Data excerpts
-*-
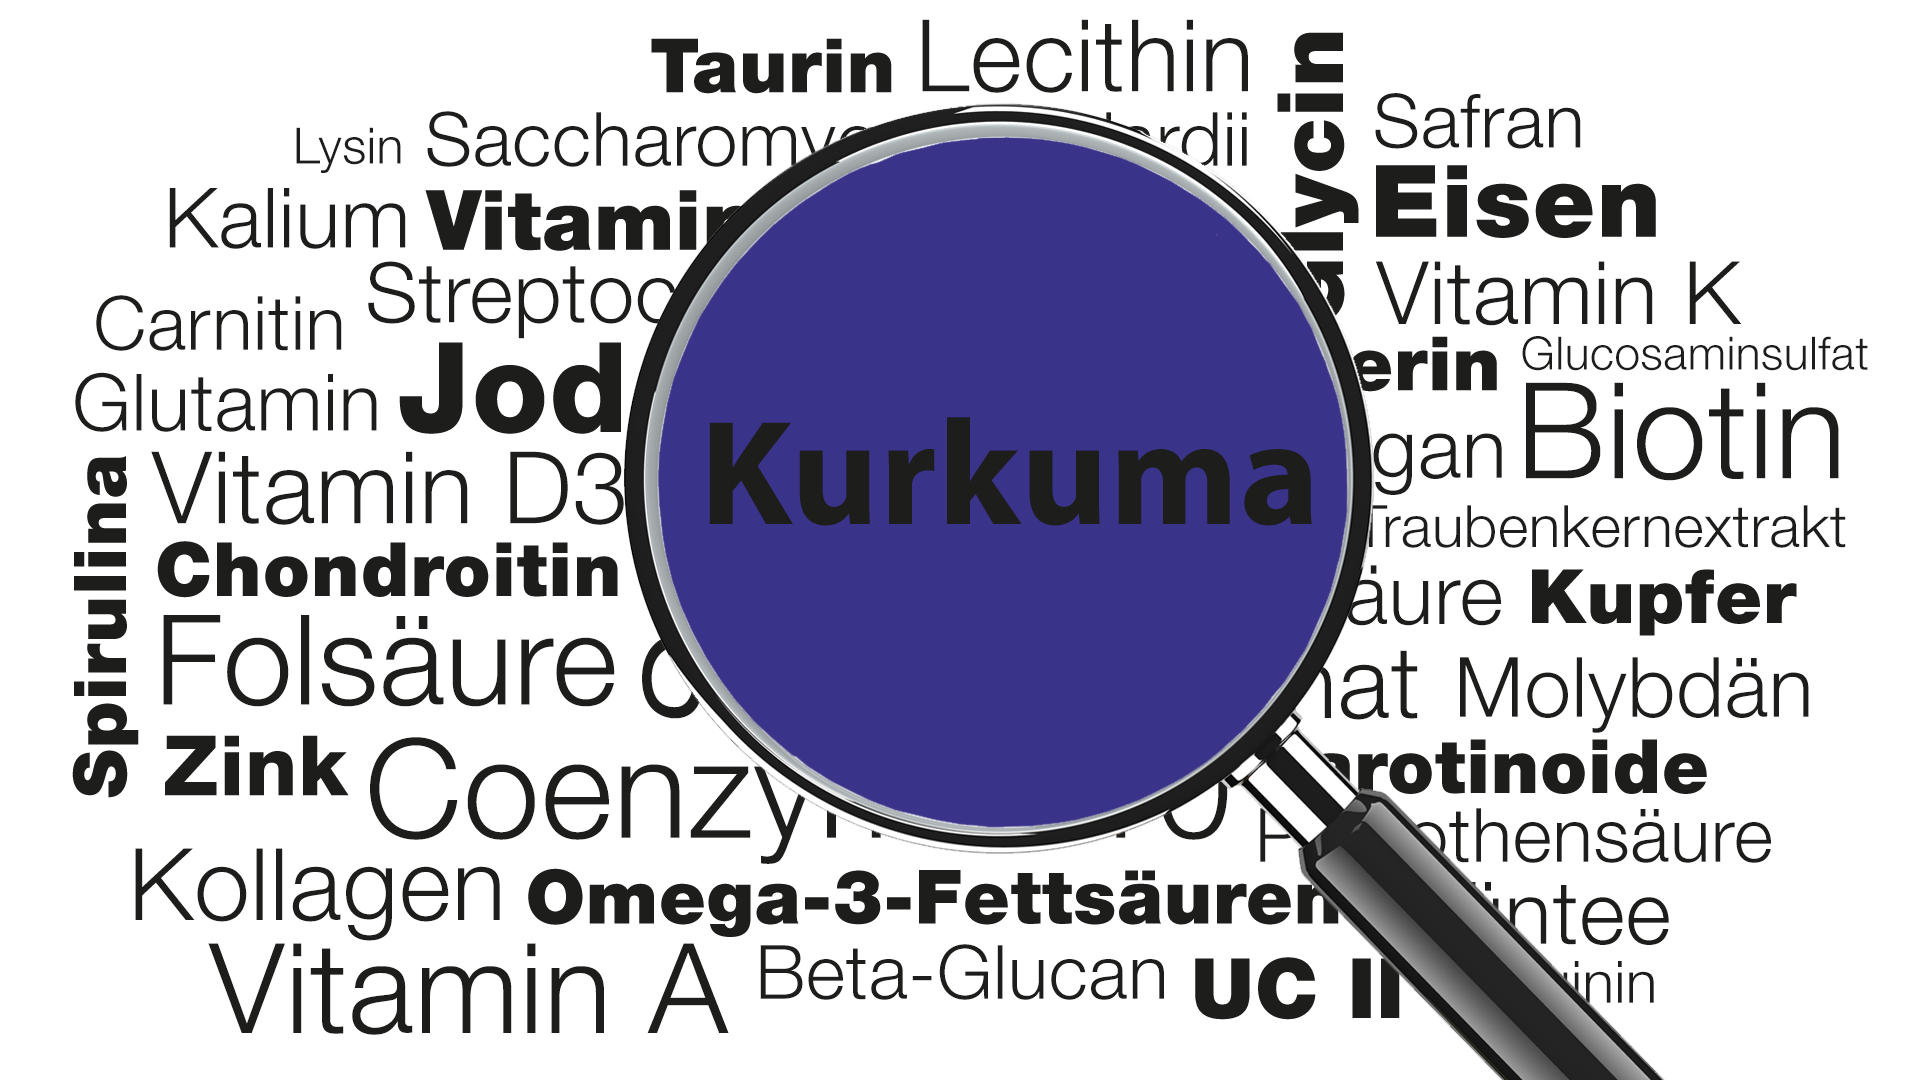 Lupe mit Wort Kurkuma im Fokus
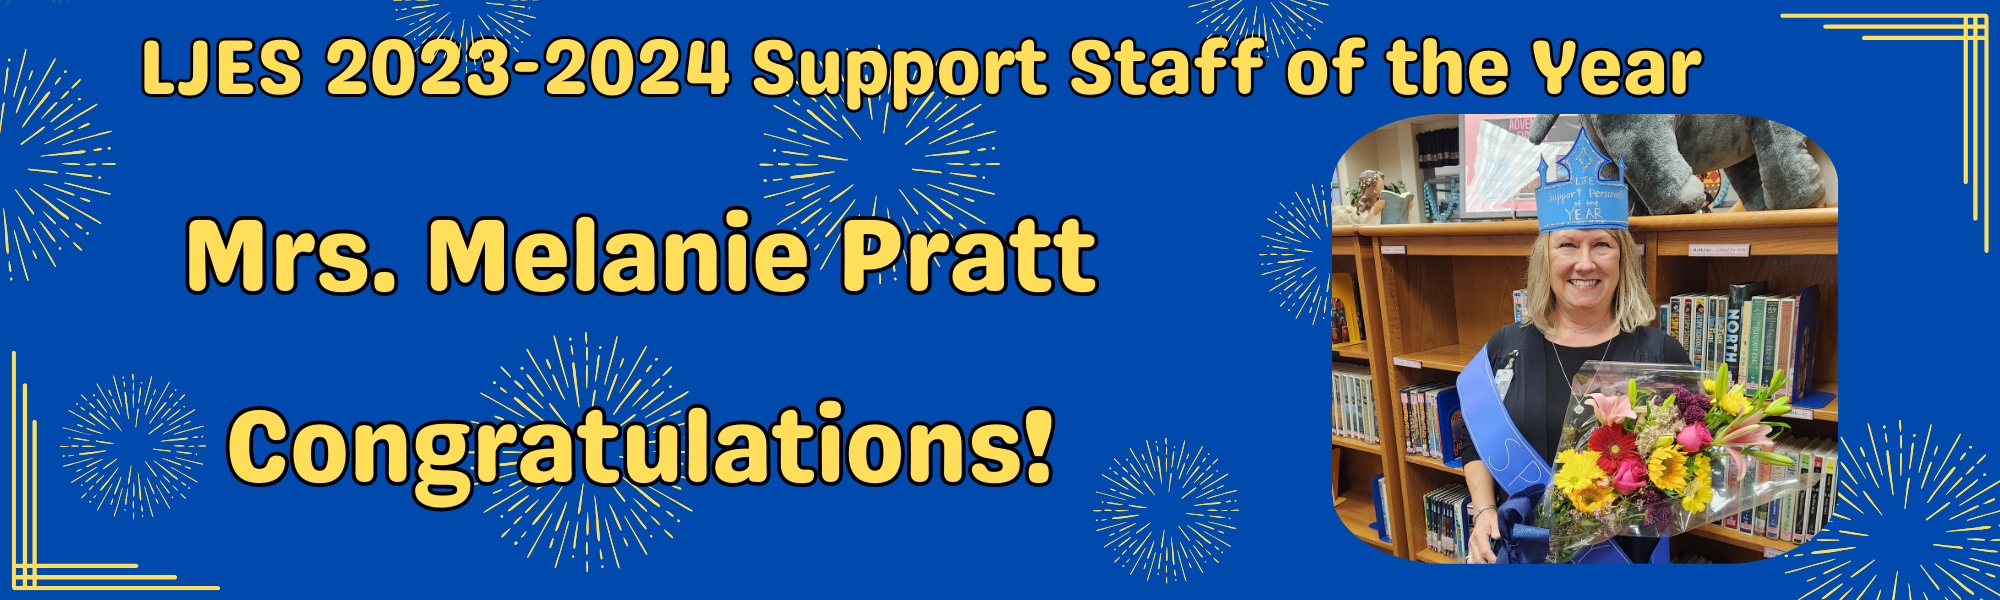 2023-2024 Support Staff of the Year Melanie Pratt
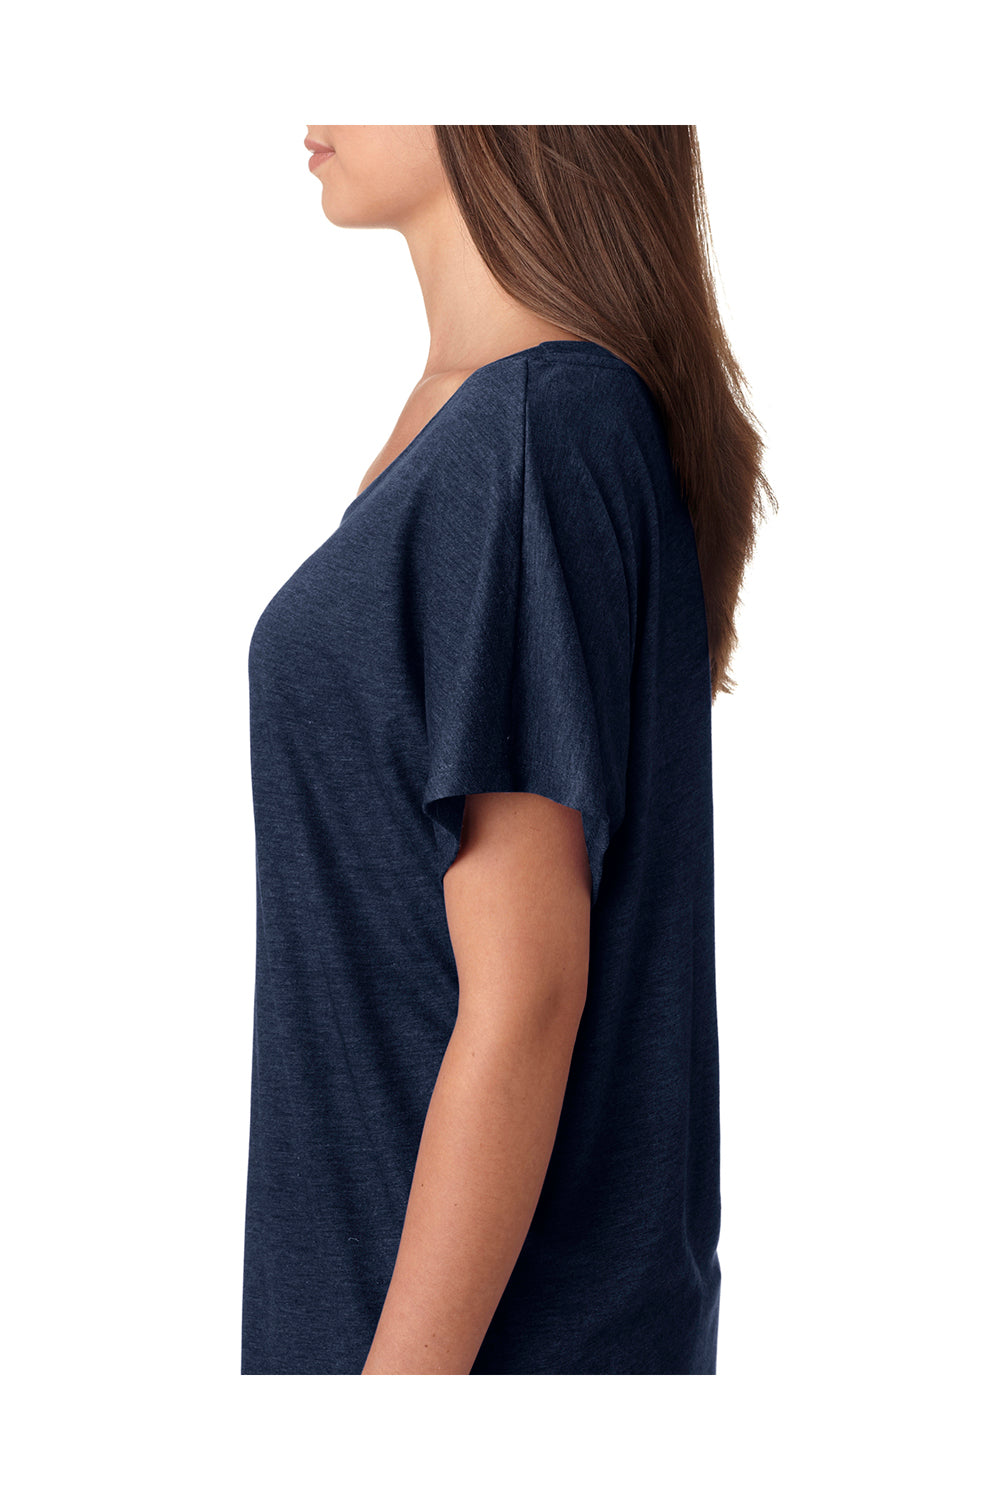 Next Level 6760 Womens Dolman Jersey Short Sleeve Scoop Neck T-Shirt Navy Blue Side
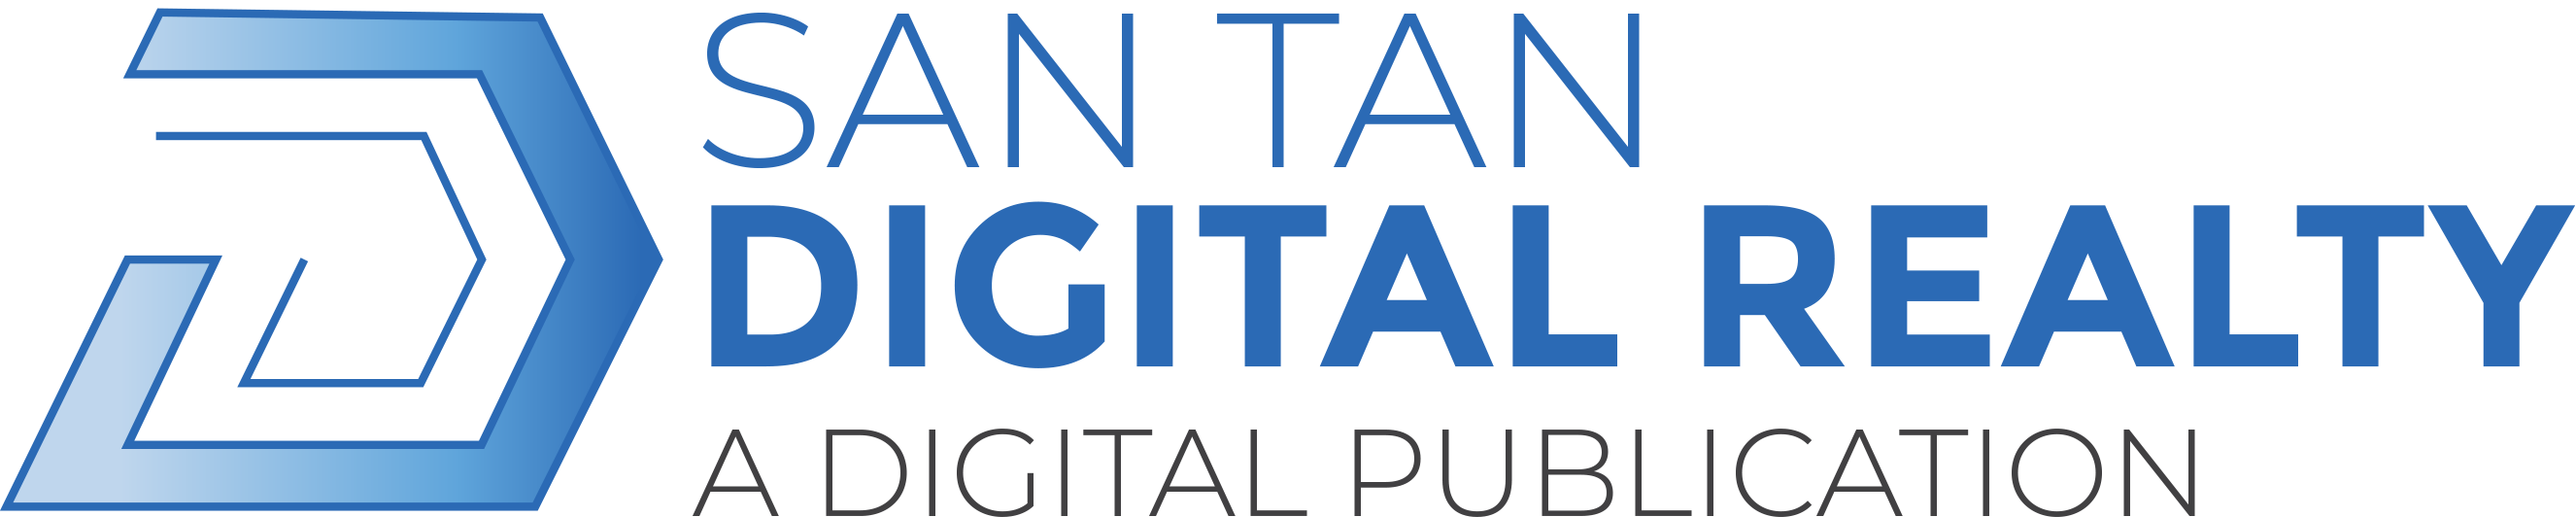 San Tan Digital Realty Logo
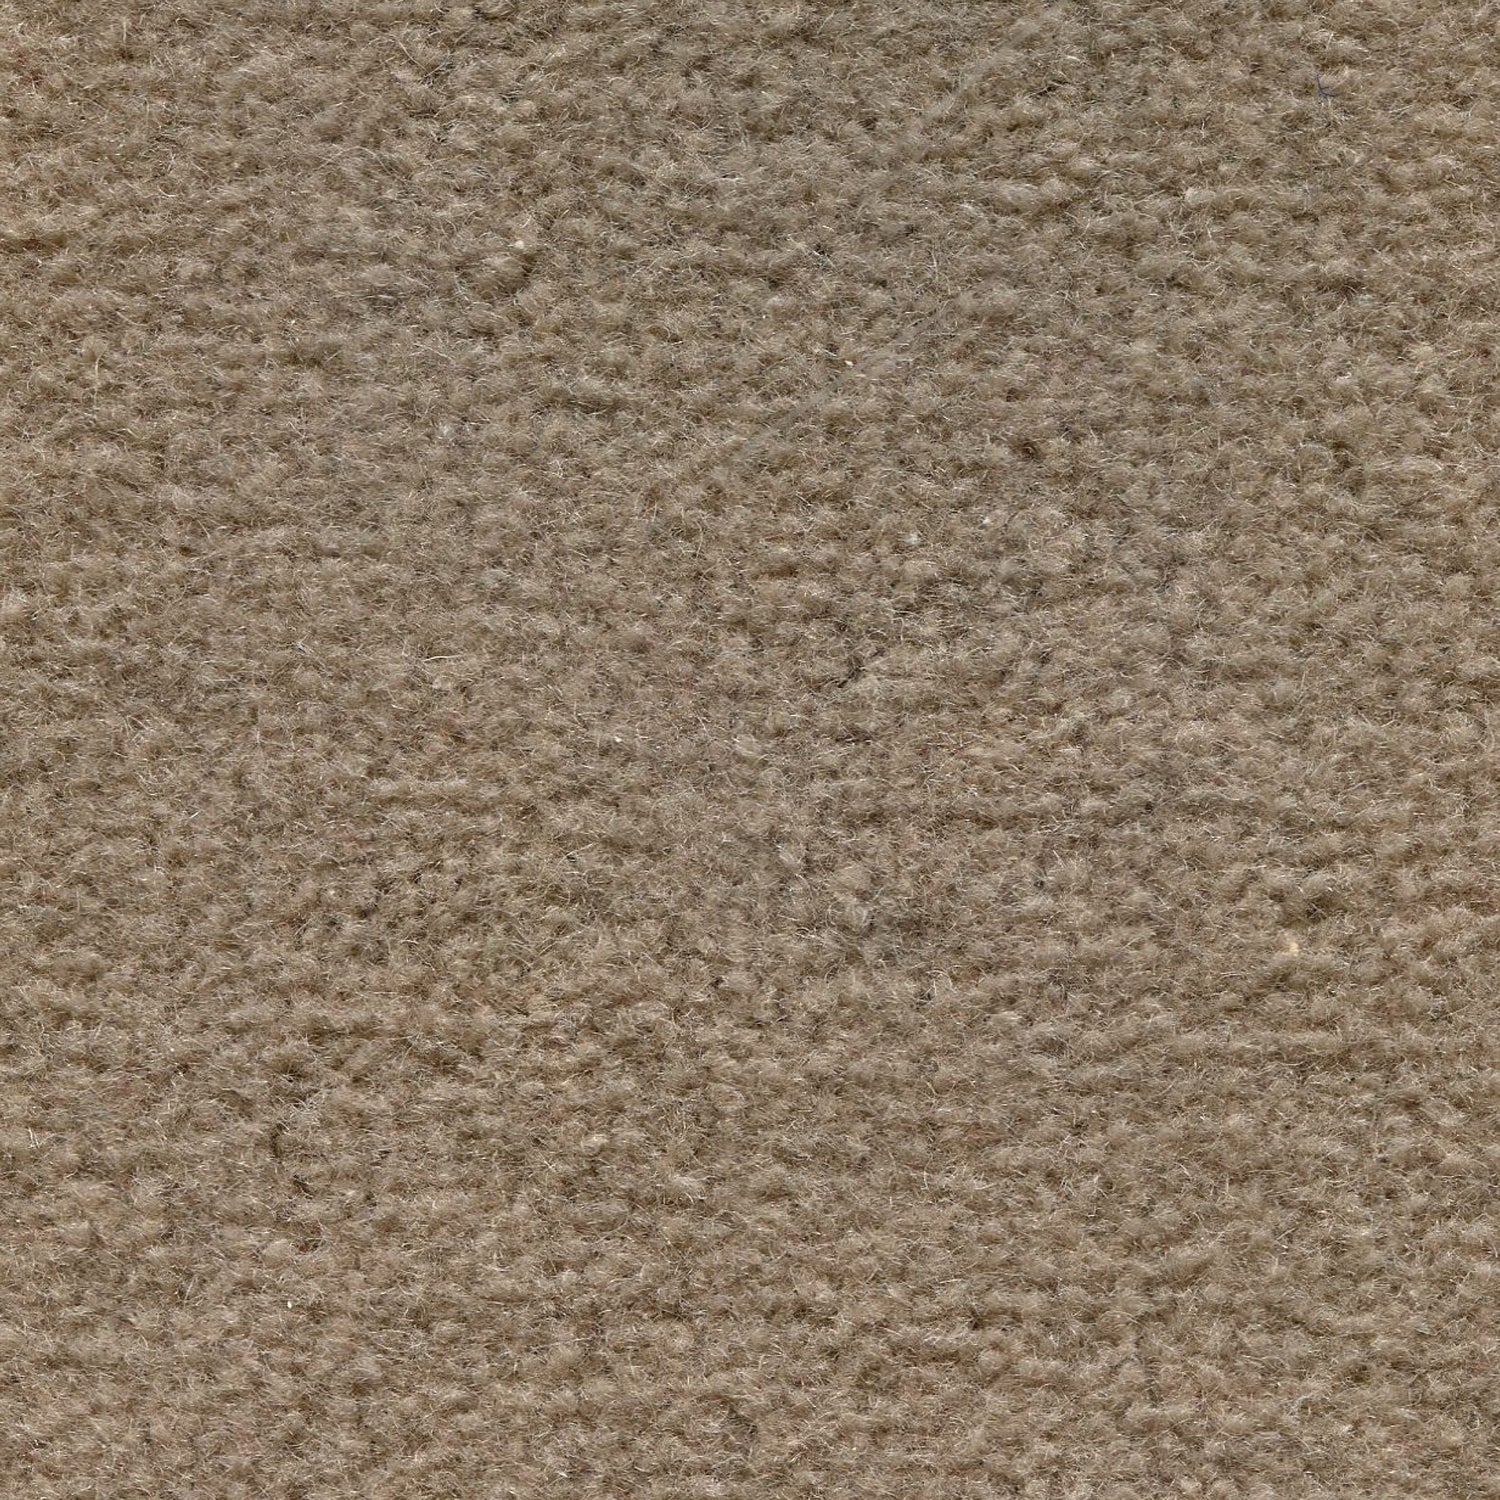 Wool broadloom carpet swatch in a cut pile texture in sable.
-*-
■ **What this task involves**
The line that contains "2023-2024 Support Staff" opens the part to copy, and the last line of the records closes it; set down those lines exactly, pictures excluded.

■ **Answer**
 2023-2024 Support Staff of the Year Melanie Pratt
 Next Level 6760 Womens Dolman Jersey Short Sleeve Scoop Neck T-Shirt Navy Blue Side
 San Tan Digital Realty Logo
 Wool broadloom carpet swatch in a cut pile texture in sable.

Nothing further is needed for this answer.